Diferenciar entre información y opinión: es la primera máxima del periodismo. No es lo mismo y hay que marcar esa separación. Aquí yo hago habitualmente opinión a partir de la información. Opinión, por tanto. Esto es un blog, no un canal de noticias. En los reportajes de Informe Semanal hacía información, tratando de aportar todos los datos y guardando lo que pensaba. Toda la vida la objetividad ha sido una entelequia porque incluso la selección de qué se habla y no es subjetiva. Pero se debe tender a ella con honestidad. De hecho, el blog es la válvula de escape a todo lo que he pensado durante años y en rigor no debía decir. No soy un caso único ni mucho menos, observo a muchos compañeros que en blogs y en tertulias se expresan de otra forma, porque lo necesitan. Pues bien, las fronteras entre opinión e información en el periodismo español están seriamente dañadas. Y es esencial acabar con esa confusión. El receptor ha de saber si le cuentan unos datos ciertos, o se trata de la opinión de alguien que en muchos casos ni siquiera está basada en la realidad. La proliferación desorbitada de debates tiende a agudizar esa falacia y pienso que con intenciones distintas al periodismo.

¿Qué es una noticia?

Categóricamente, el rumor no es noticia. El “podría” tampoco es noticia. Y de todo ello se está nutriendo en demasía el periodismo español, las tertulias especialmente.

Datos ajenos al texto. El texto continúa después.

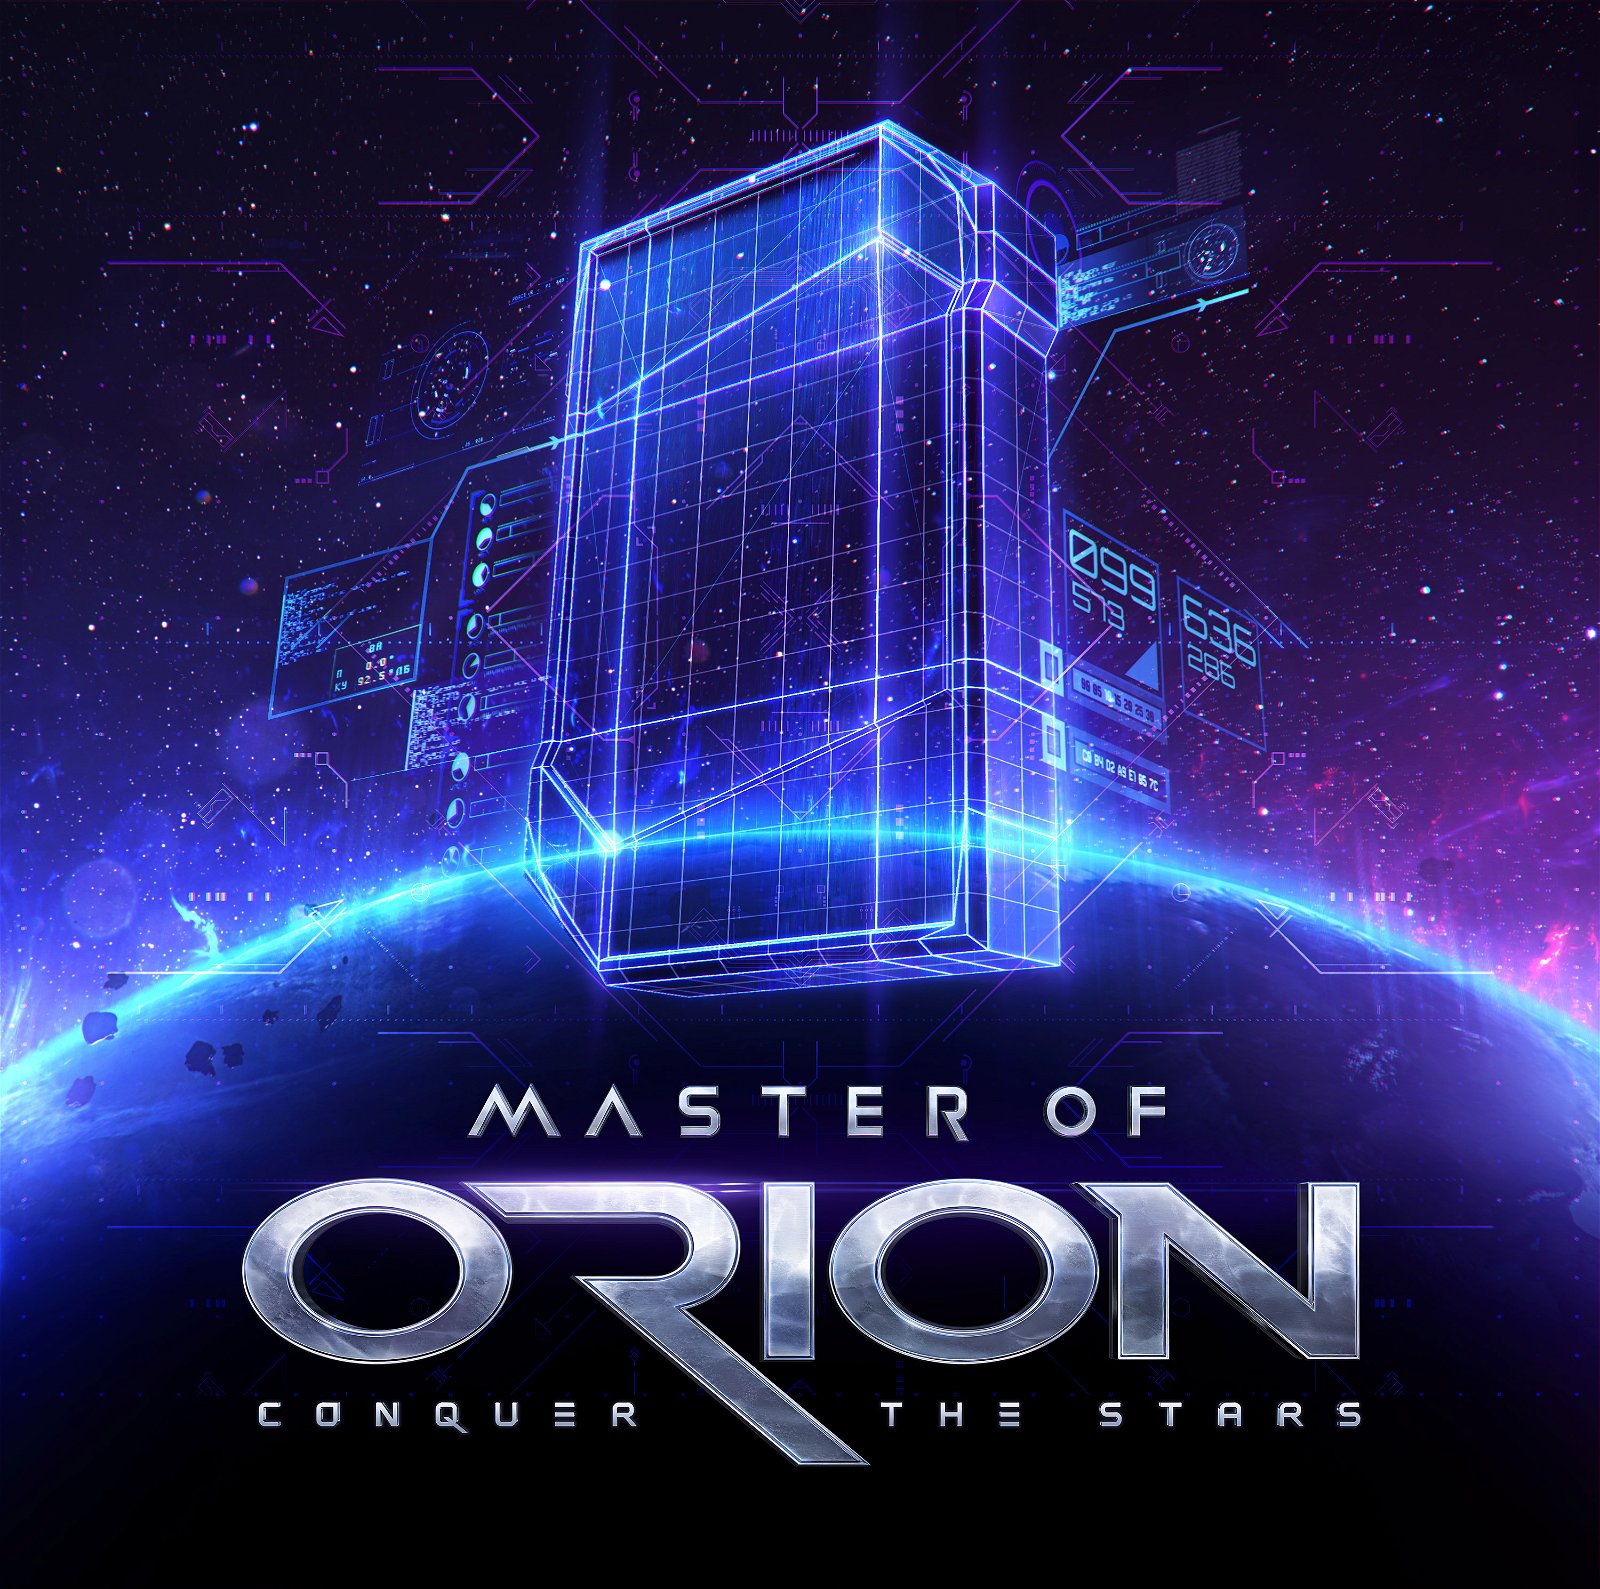 Image of Master of Orion

Definición. A estas alturas de la Historia creo que ni siquiera lo tenemos claro. Noticia se refiere a un hecho novedoso o atípico, que  a interesa a una comunidad, y que se divulga, se comunica. Hay quien añade “algo que alguien está interesado en que no se dé a conocer”, eso es una parte tan sólo de la noticia (la romántica) y no en todos los casos. Nadie parece interesado en principio en que no se divulgue un tsunami. Así que ni siquiera nosotros podemos definir con precisión todo lo que es noticia.

Los hechos son noticia, no las declaraciones salvo que contengan esos elementos novedosos y atípicos. Voy a poner un ejemplo concreto de la deriva del periodismo en España. En los telediarios de TVE me cuentan todos los días todo lo que piensa Rajoy –o en su defecto Cospedal o Saénz de Santamaría- acerca de todo. ¿Se nos muestra alguna novedad en estas declaraciones? ¿Hay algo que no sepamos de lo que nos dice el PP? Y ¡ay! del día que falta la pildorita o sobra algo difundido que les molesta, porque montan la de dios es cristo. Tampoco me interesa todo lo que piensa el gobierno, sino lo que hace o no hace.

Mis viejos y nuevos compañeros andan de manifestaciones y huelgas porque –dicen- no les dejan trabajar y encargan los programas a productoras. Pese a ello, todos estamos muy contentos, encantados de conocernos, –trabajadores, políticos, sociedad- con esa “pluralidad” conseguida por la televisión pública estatal “por primera vez en su historia”.

Veamos, en tiempos de UCD, la máxima de los Azcona, Sotillos o Macía (todos de distinta tendencia política), o Luís Mariñas, y muchos otros, era: el hecho es la noticia, si está presente un político se cuenta al final.  Es decir: «En Segovia se han instalado parquímetros con duchas lavacoches… los construyó el concejal de urbanismo fulanito de tal (ni siquiera es preciso aclarar, en este caso, a qué formación politica pertenece)». Y no había cupos, los políticos tenían que «ganarse» salir aportando una noticia real. Tenían que «hacer algo» para ser incluidos en la única televisión de España, no hablar sin más. Duró poco, por supuesto, pero creo, sinceramente, que fue una positiva medida para la sociedad.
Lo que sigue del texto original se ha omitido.